You are not logged in.
I was running IPython and an error string began to populate in the terminal from outside of IPython, with the terminal becoming non-responsive. I don't have those error messages, but after two or three times closing terminal, opening IPython, receiving those errors - the pc crashed. After reboots, the desktop environment would load and run for ~30 seconds, then crash. It happened a handful of times. Eventually only the error would populate in the syslogs (see below) but the computer would no longer crash. After the DE stabilized, I ran `memtester` for 24 hours and I haven't received the above error today.
From /var/sys/syslog:
Apr 21 09:43:36 kernel: [ 1561.536220] mce: [Hardware Error]: Machine check events logged
Apr 21 09:43:36 kernel: [ 1561.536226] [Hardware Error]: Corrected error, no action required.

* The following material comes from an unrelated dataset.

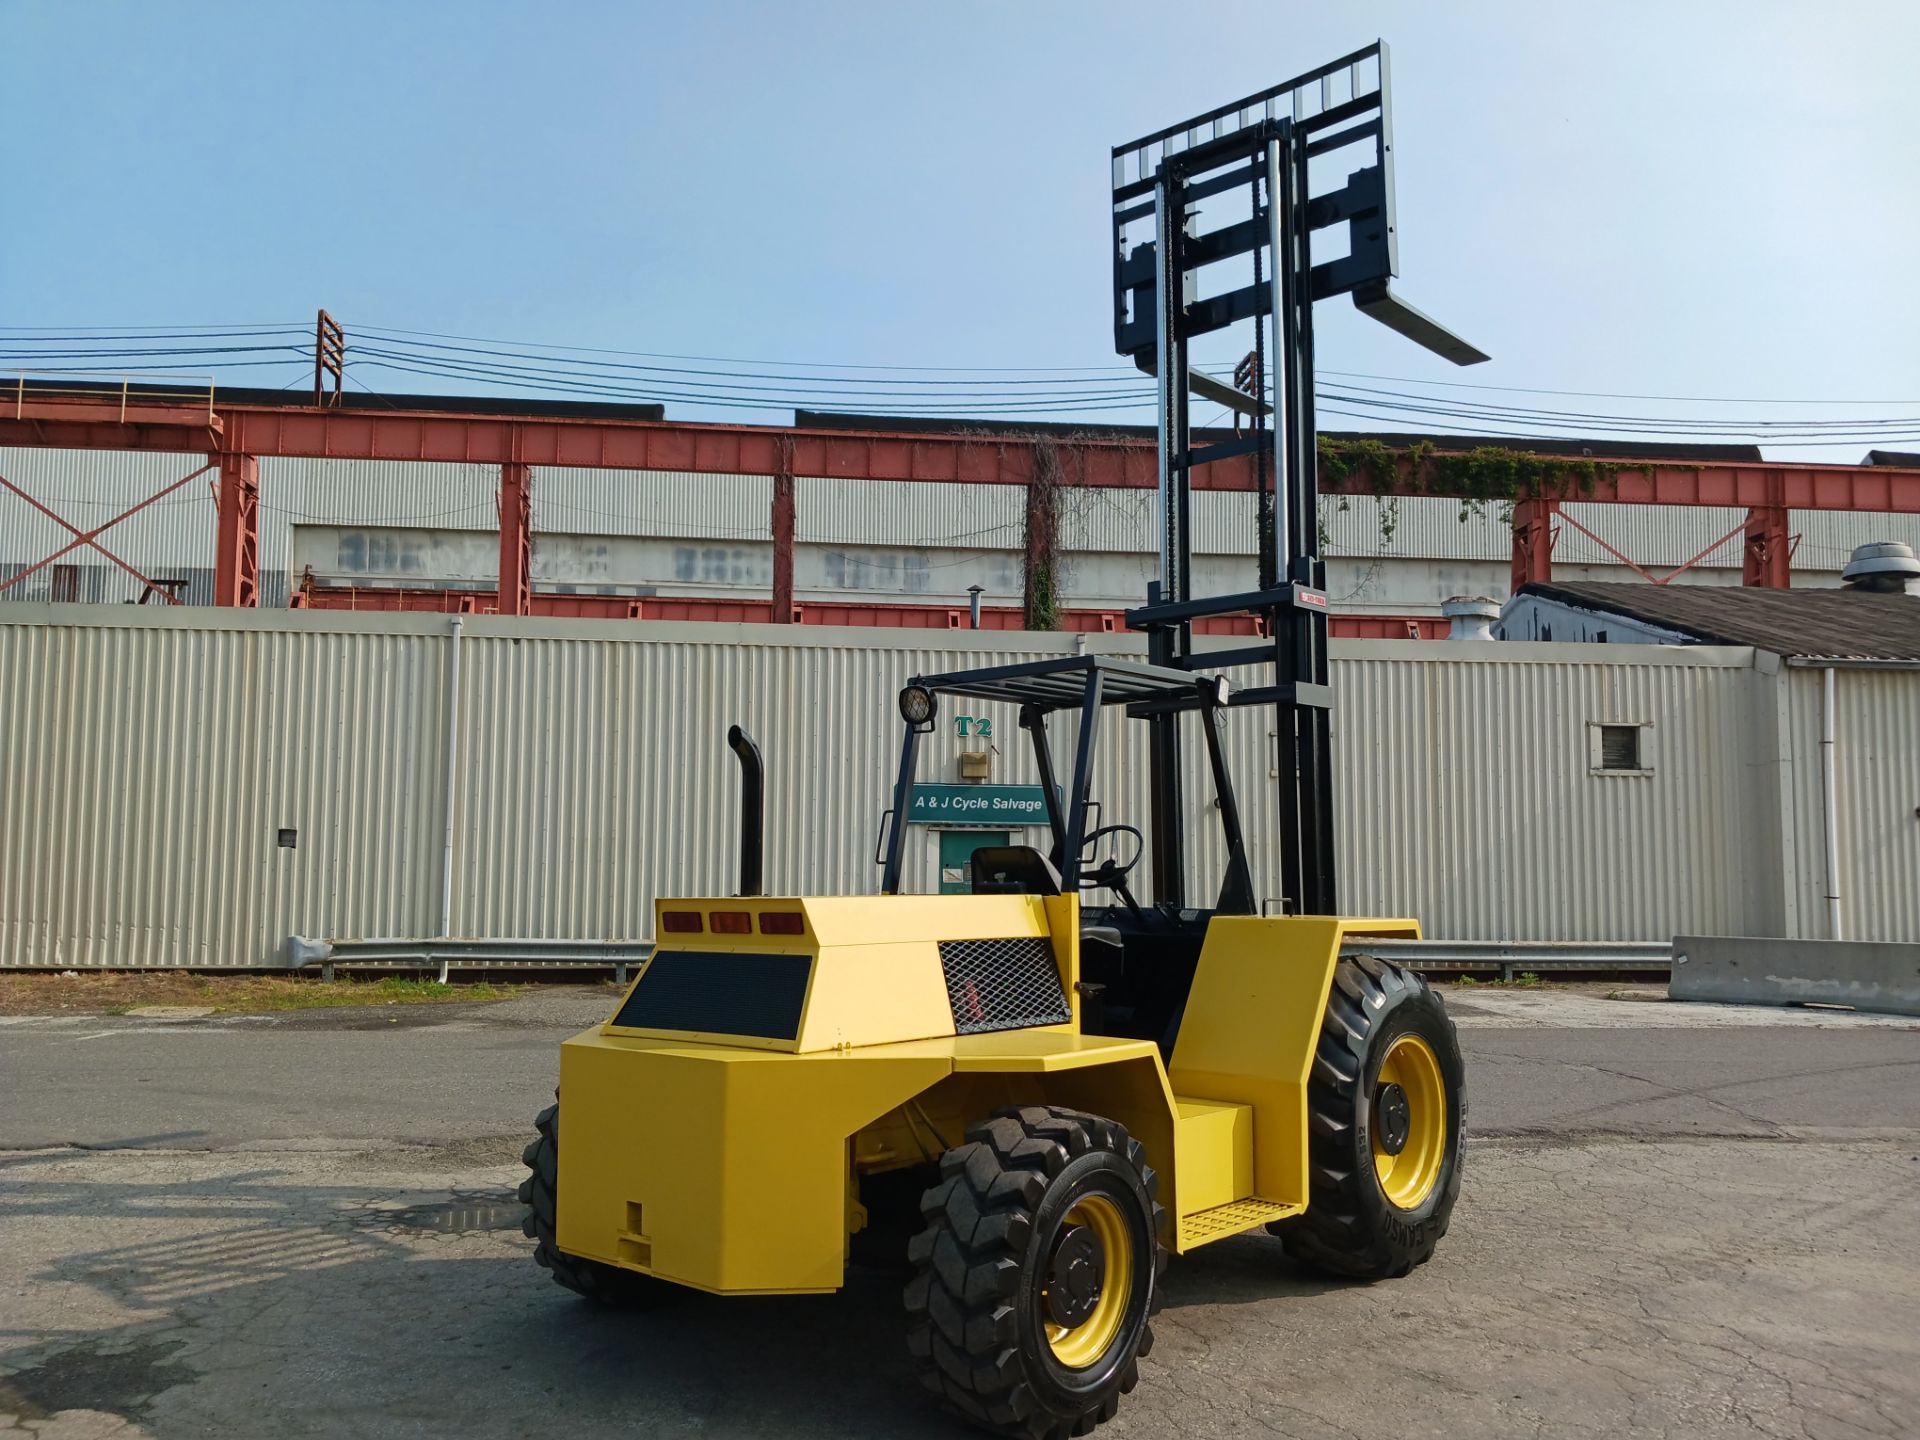 Sellick SD-80 8,000 lb Forklift - Lester, PA - Image 9 of 14

Apr 21 09:43:36 kernel: [ 1561.536228] [Hardware Error]: CPU:0 (17:71:0) MC14_STATUS[Over|CE|MiscV|AddrV|-|-|SyndV|CECC|-|-|-]: 0xdc2040000000010b
Apr 21 09:43:36 kernel: [ 1561.536231] [Hardware Error]: Error Addr: 0x00000000000050c0
Apr 21 09:43:36 kernel: [ 1561.536232] [Hardware Error]: IPID: 0x000700b020750300, Syndrome: 0x0000001f2a1f0207
Apr 21 09:43:36 kernel: [ 1561.536234] [Hardware Error]: L3 Cache Ext. Error Code: 0, Shadow Tag Macro ECC Error.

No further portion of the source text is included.